How to Integrate Same-As-Links into PITs

We are currently integrating 2 source systems for employee information where the second source system contains many of the employees from the original source system. The business key in the 2nd system prepends the “employeeId” with a 3-character source identifier. For example, my ID in the first system is “000123456” and “GSS-000123456” in the second system (numbers have been obfuscated to protect the innocent…though one might argue my innocence…but that’s a different matter entirely). The second system also contains employees from external entities (“non-integrated entities” or NIE). Thus, you might see another employee ID as “ABC-7890” in source 2.
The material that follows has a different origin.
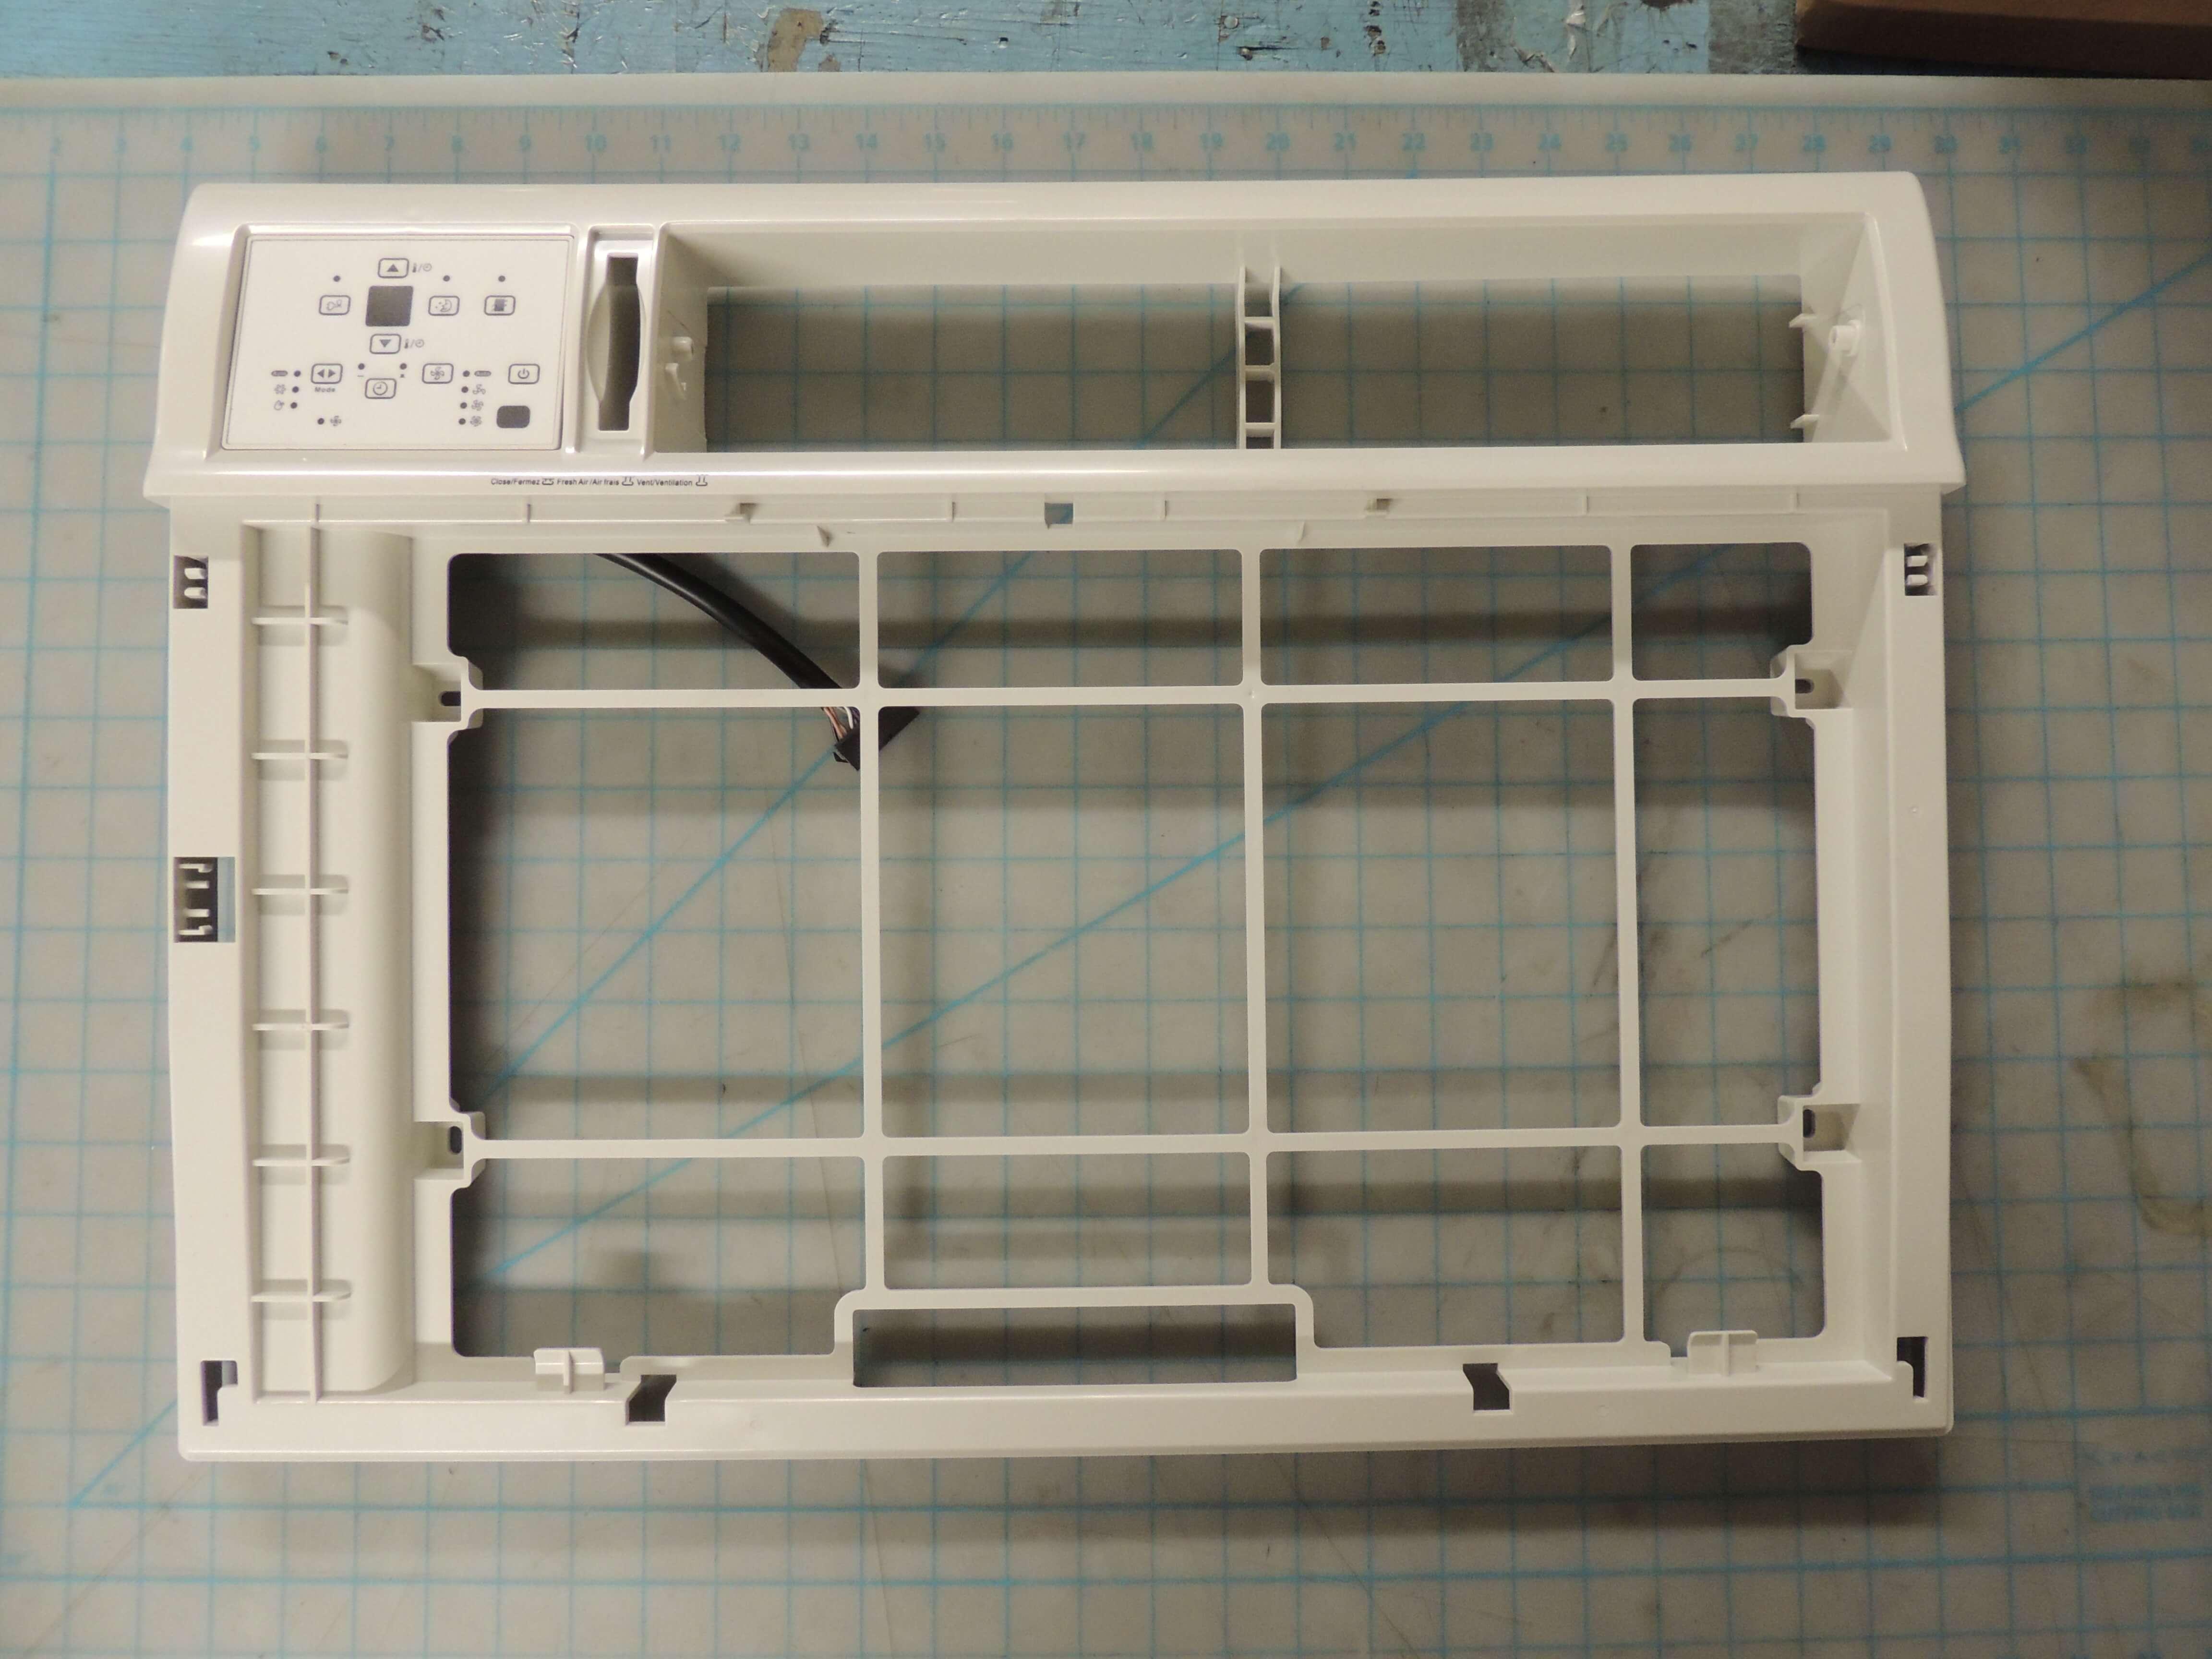 Panel frame assembly

We have chosen to create a same-as-link for relating sources 1 and 2 with matching employees, such as my example from above. We are also separating out the 2 source systems into their own satellites, according to DV2 best practices, hanging off the common hub (hub.Identity - the common name for “employee” in our system).
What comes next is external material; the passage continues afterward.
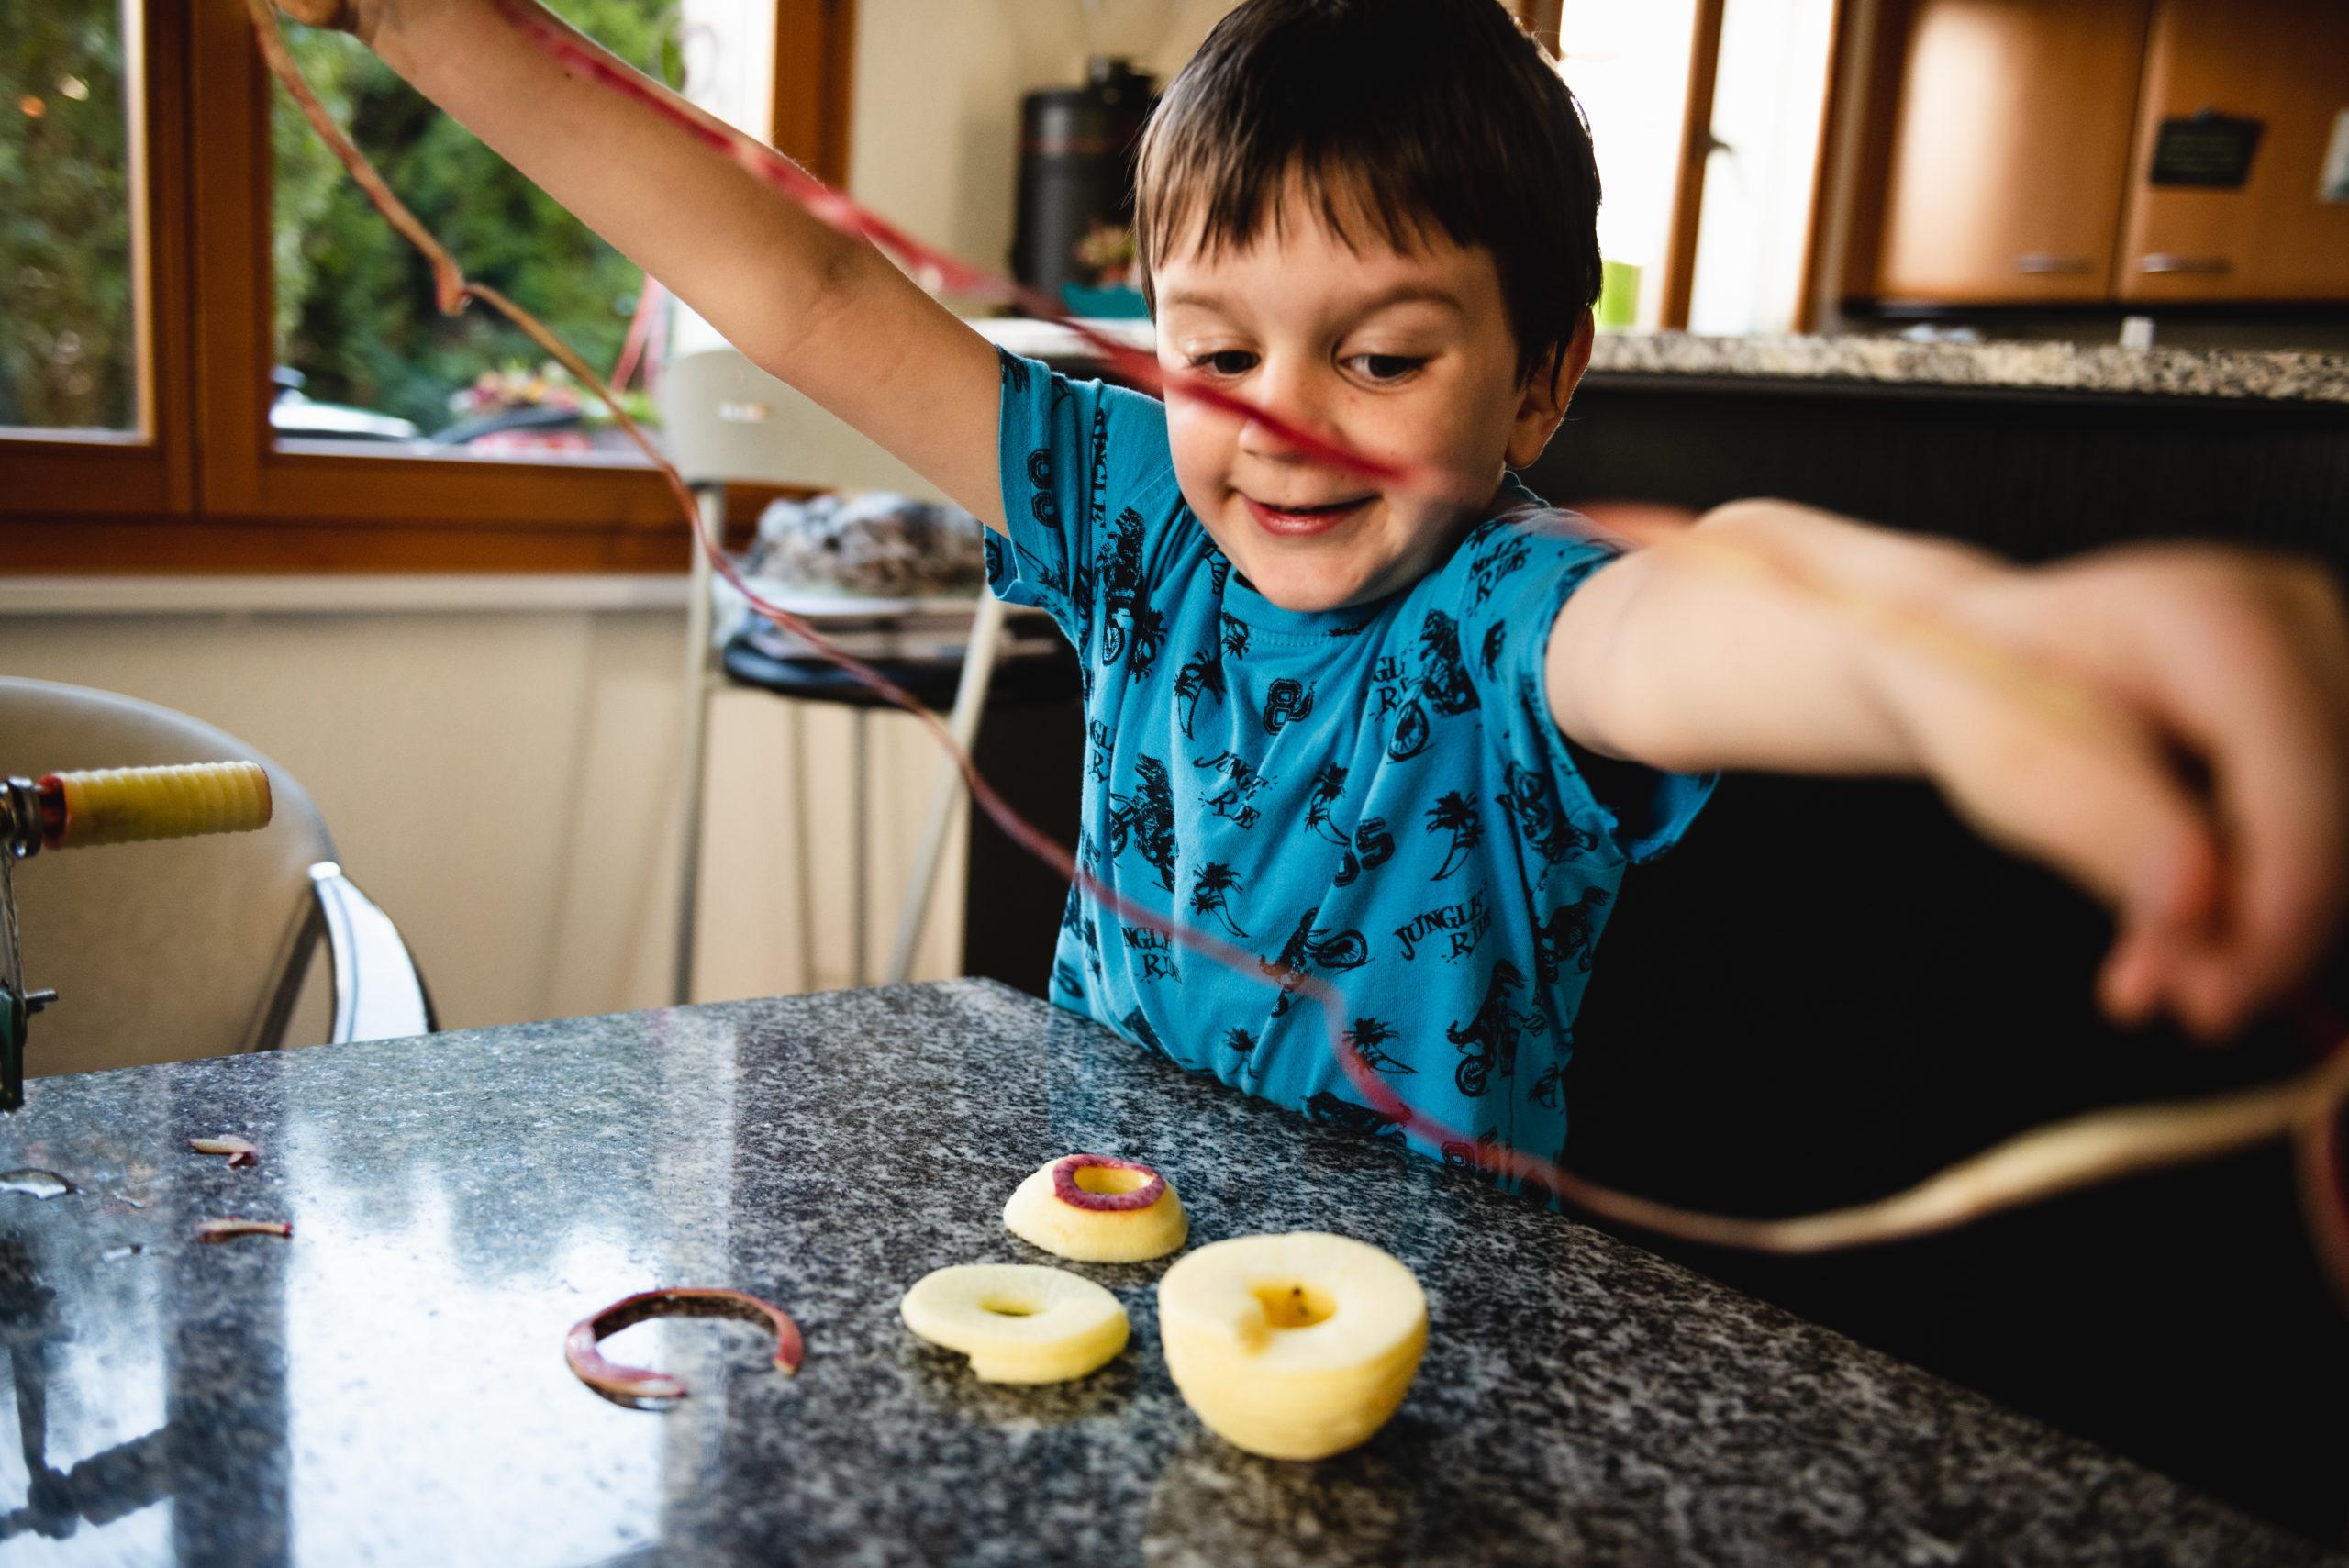 Kind lacht und hält lange Apfelschale in den Händen

We’d like to create a PIT for the Identity hub and its two satellites but are a little perplexed as to how we might be able to include the same-as-link to join the records together to avoid having 2 records each in the PIT for the same employee.

One thought we had was to first build a Bridge with the hub and same-as-link. Then we would build the PIT on top of that Bridge. Although, that idea seems like it would deviate from DV2 a bit.

Ideas, please?

I reviewed my certification materials and realized that same-as-links can be included in the creation of the PITs. Has anyone ever done this? Have any sample pseudo-code you can/want to share?

Noel, did you look at the code in the DV-101 Baseline Course? There are code samples for a properly built PIT and Bridge. Remember, how a PIT or Bridge starts its life - on the full key sets. You can also build a PIT/Bridge hybrid. In the Same-As link, are you mastering the system 1 employees to the system 2 employees - or vice versa? Which is acting as the master key? How are you handling employees in system 1 that don’t exist in system 2; or that exist in system 2 but don’t exist in system 1? Using the Same-As link as Master Data would allow you to build a PIT focused on the Same-As link and join to the associated satellites, flattening out the key set - if that’s what you’re trying to do. You can build a PIT/Bridge hybrid to capture all of the keys sets - link, hubs, sats - in one flattened structure. Hope this helps.

1 Like

@cmeyersohn - Yes, this helps significantly.

At this point, we are using system 1 as the master; although, both systems actually receive their integrated employee data from another source system, which is the true master. Thus, only a full outer join would properly capture the data either system has because of the possibility that some data may exist in one and not the other and vice versa.

I will review the 101 course. Forgot to look there.

Thank you for the confirmation!

No problem, Noel. Happy Labor Day!

Hi Team,

Where can I get more information for these scenarios? I have a challenge now that entails exactly this type of scenario where I have multiple systems providing data for employees and with different data structures.

Was thinking on what would be the approach to design the Hub and Satellites and how you would build the SAL. I could not find a lot of information about these.

Thanks :slight_smile: